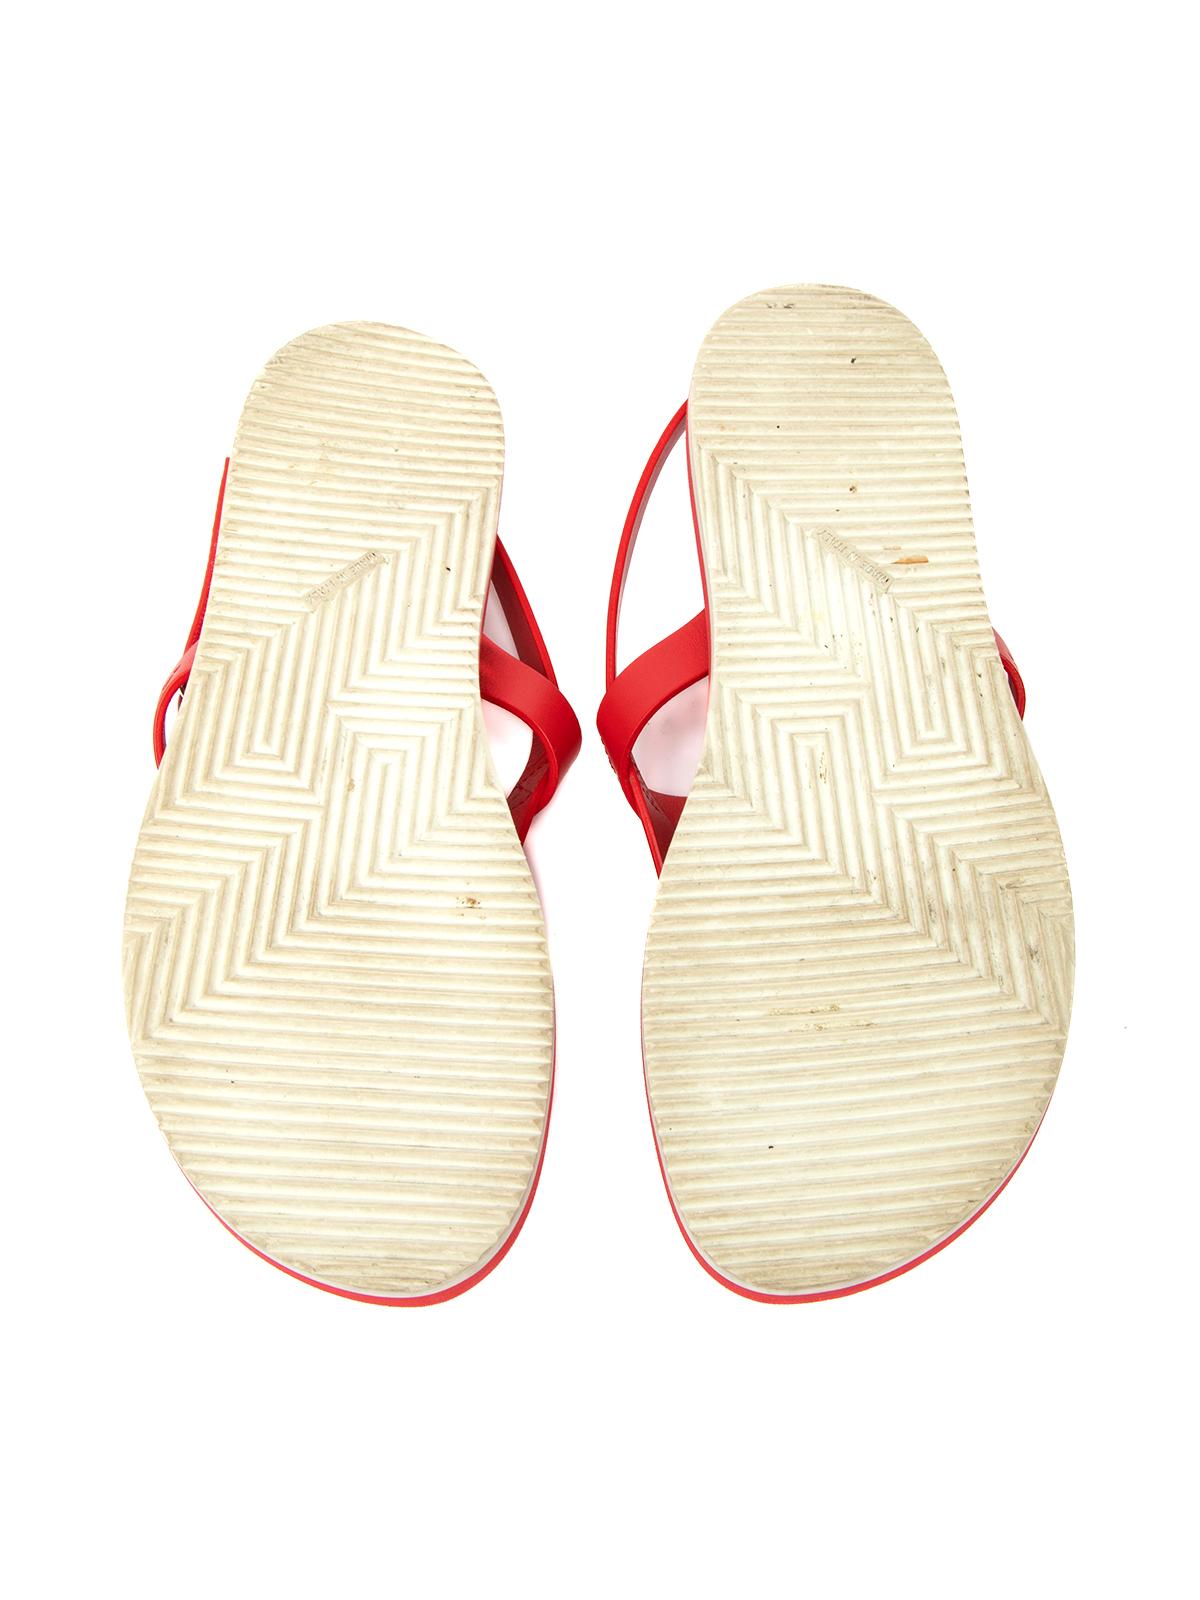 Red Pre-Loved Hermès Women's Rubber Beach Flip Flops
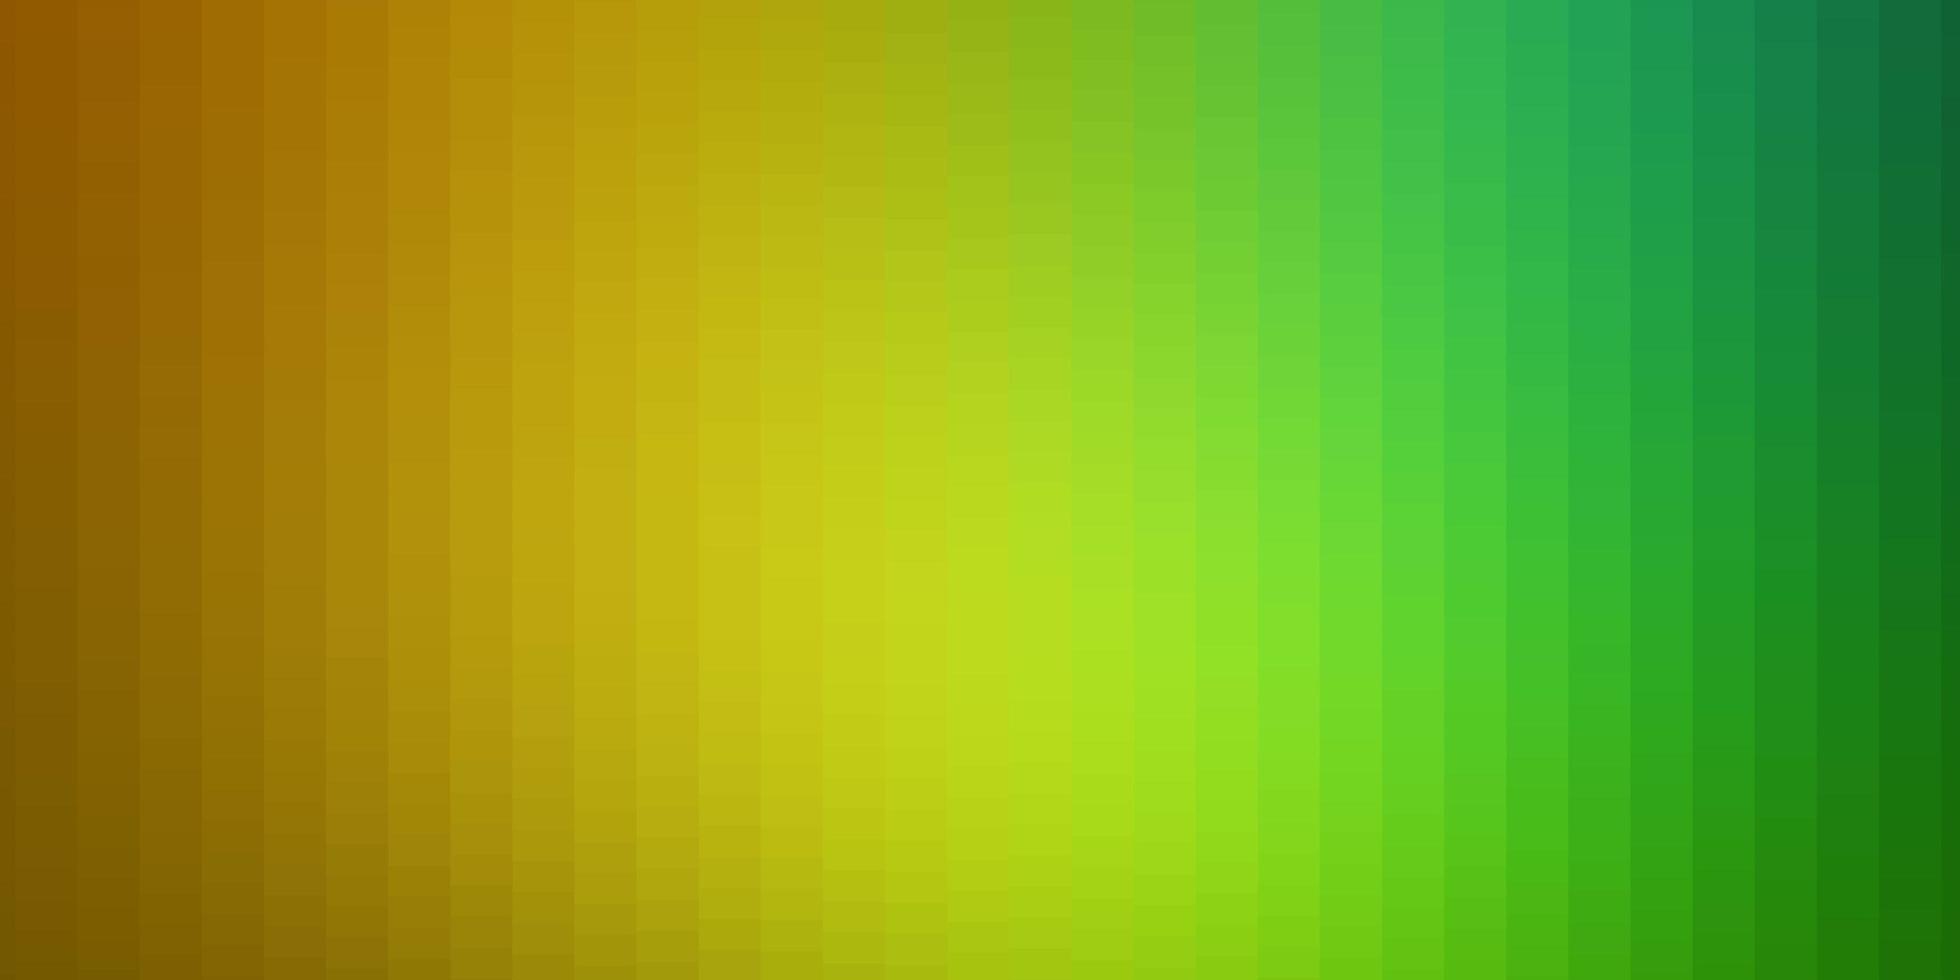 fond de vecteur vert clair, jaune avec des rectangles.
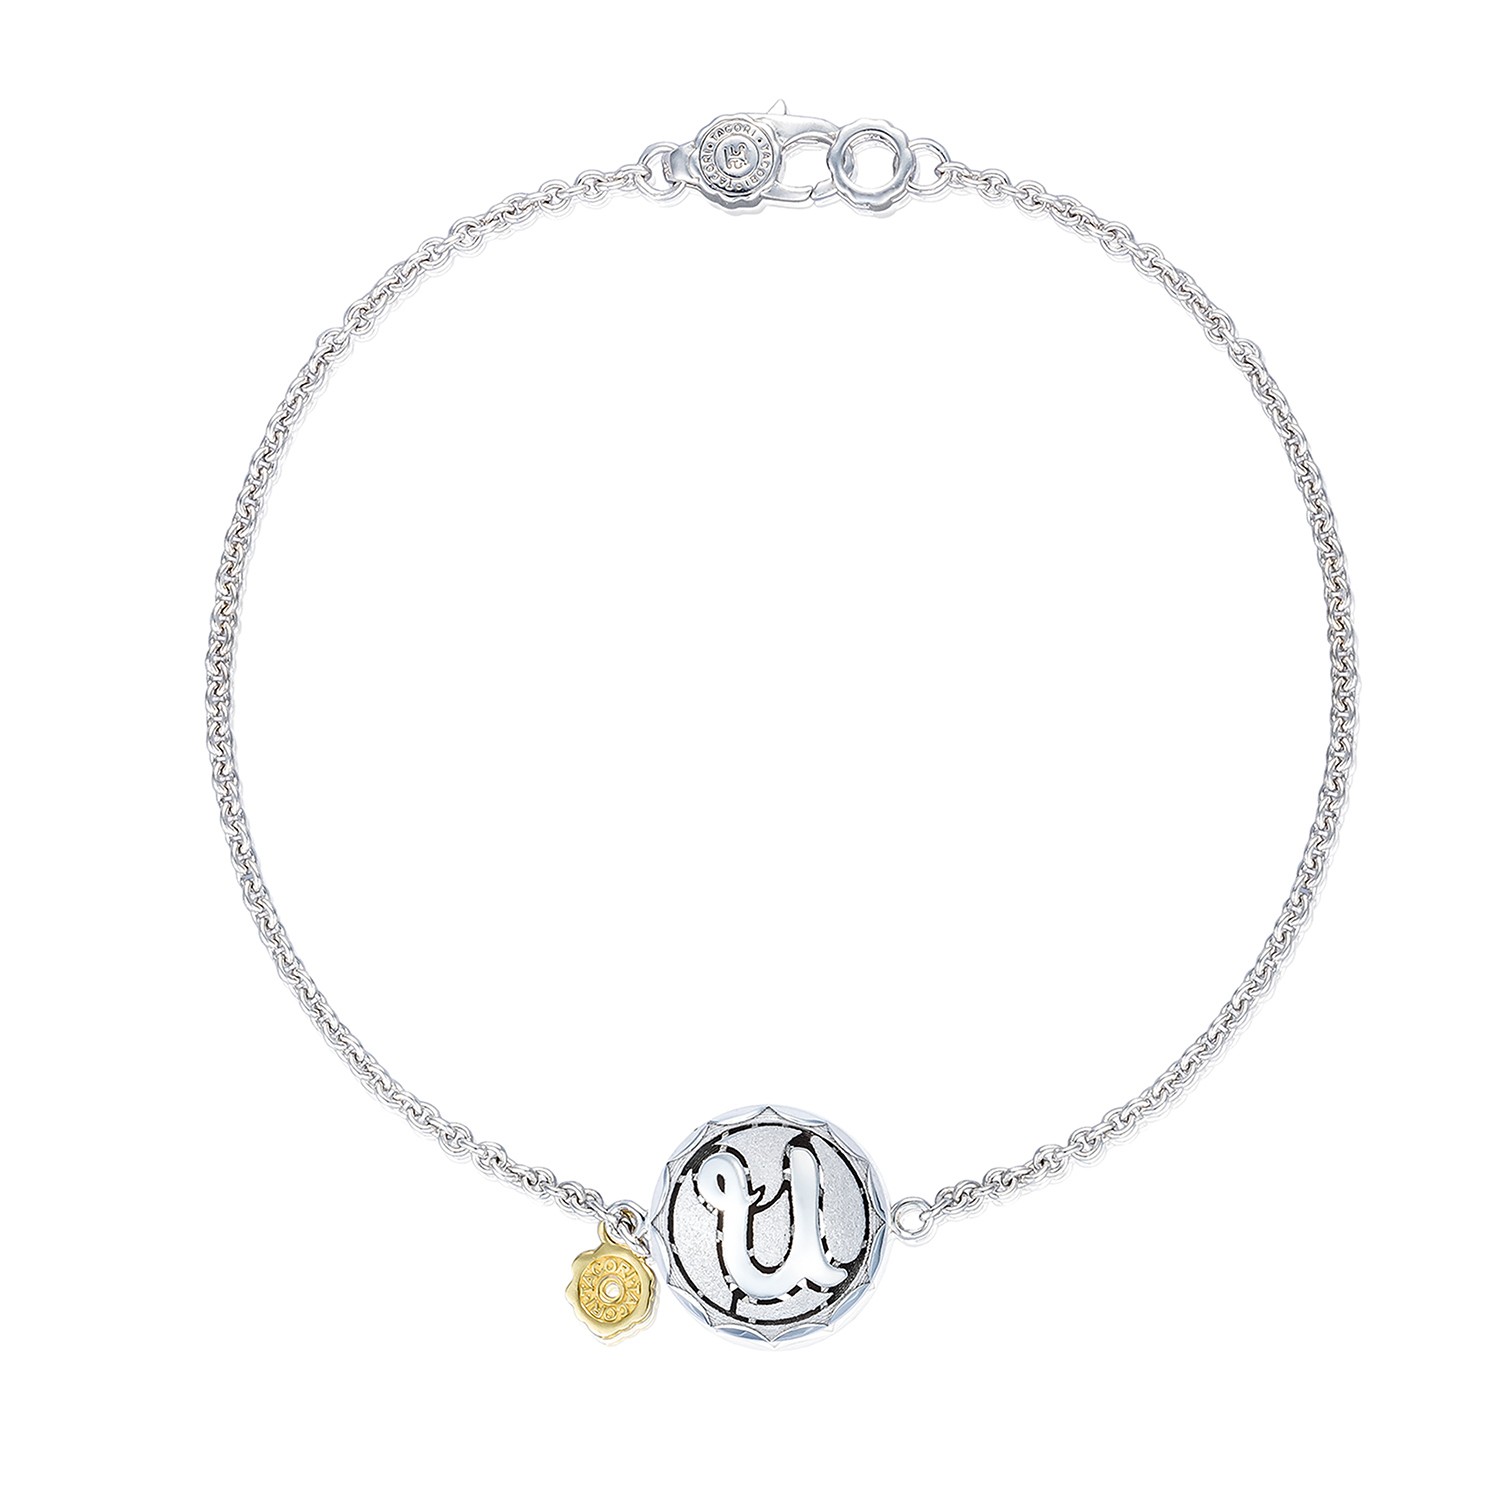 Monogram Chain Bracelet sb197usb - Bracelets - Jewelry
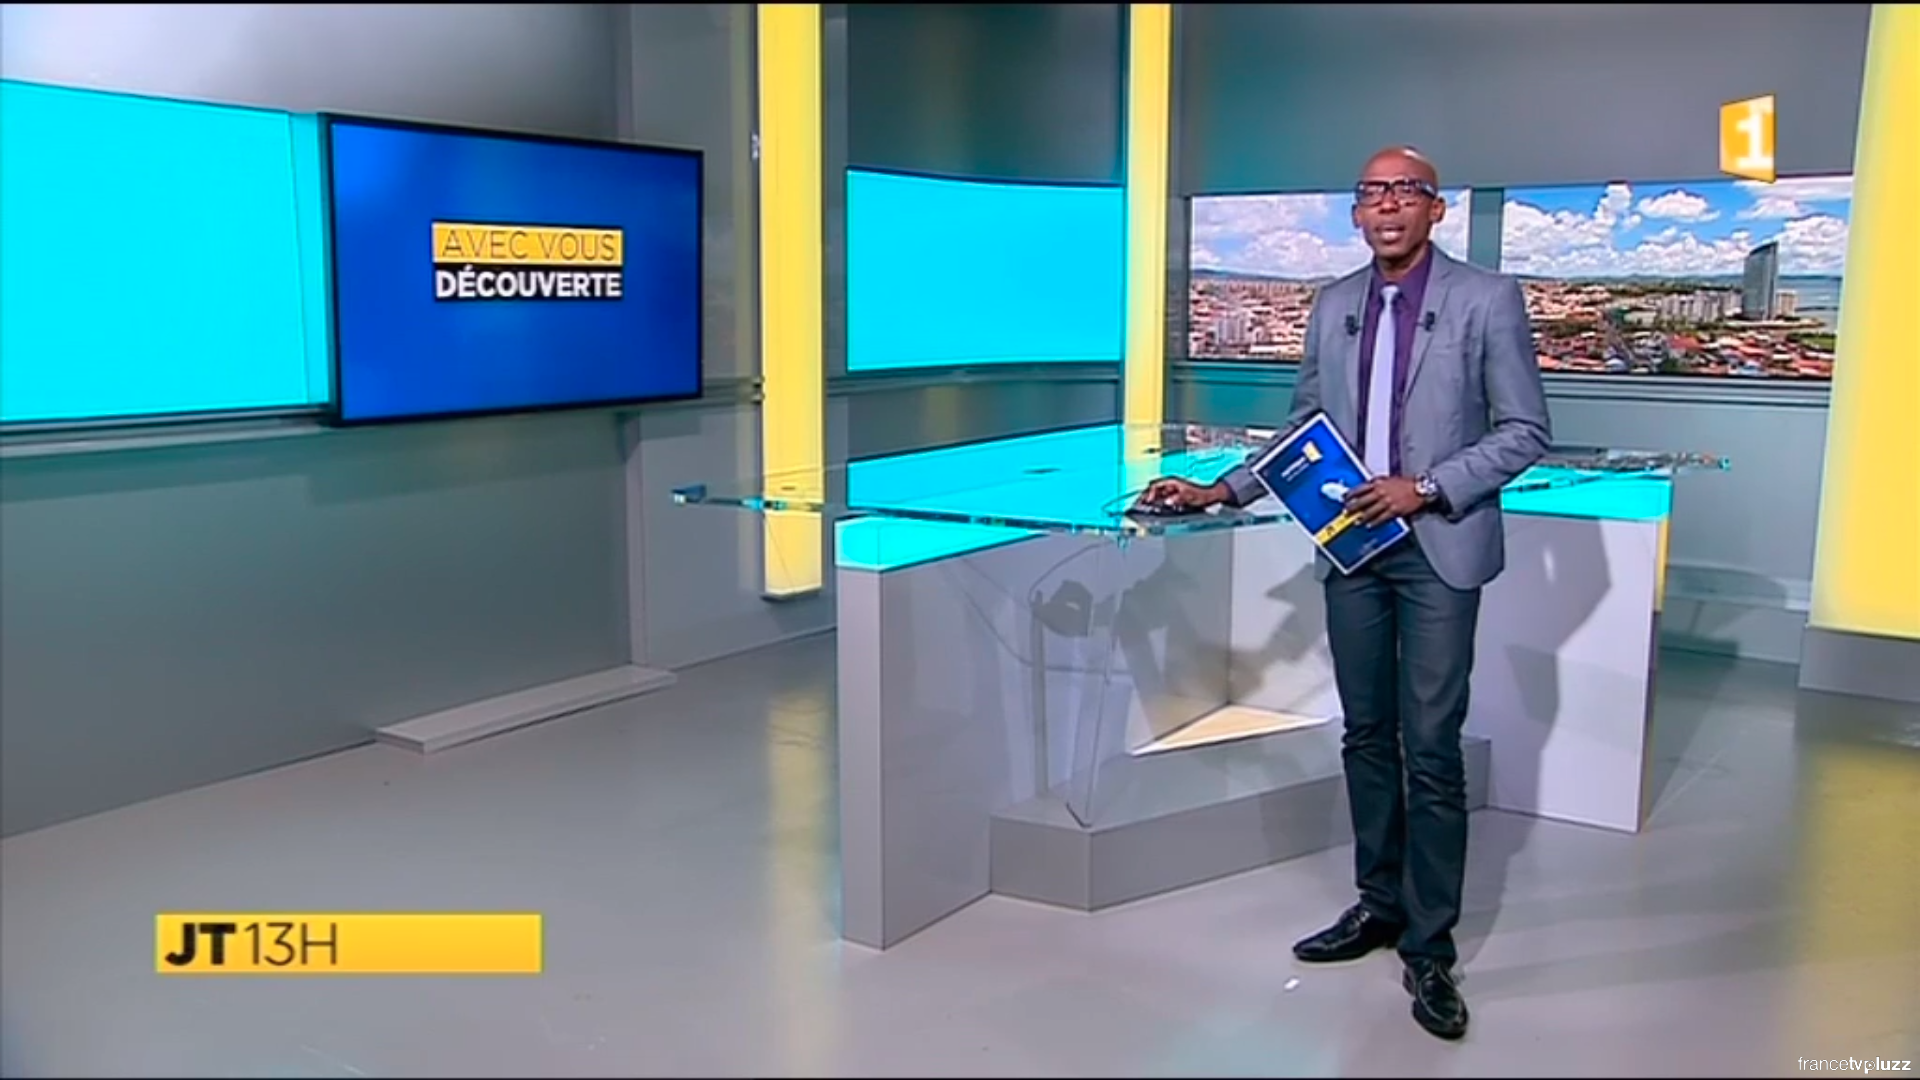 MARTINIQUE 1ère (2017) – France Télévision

* * * * * * * * *

**TASK ITEM:**
Word for word, reproduce the listing above; no image should be carried over.

**SOLVED EXERCISE:**
 Red Pre-Loved Hermès Women's Rubber Beach Flip Flops
 fond de vecteur vert clair, jaune avec des rectangles.
 Monogram Chain Bracelet sb197usb - Bracelets - Jewelry
 MARTINIQUE 1ère (2017) – France Télévision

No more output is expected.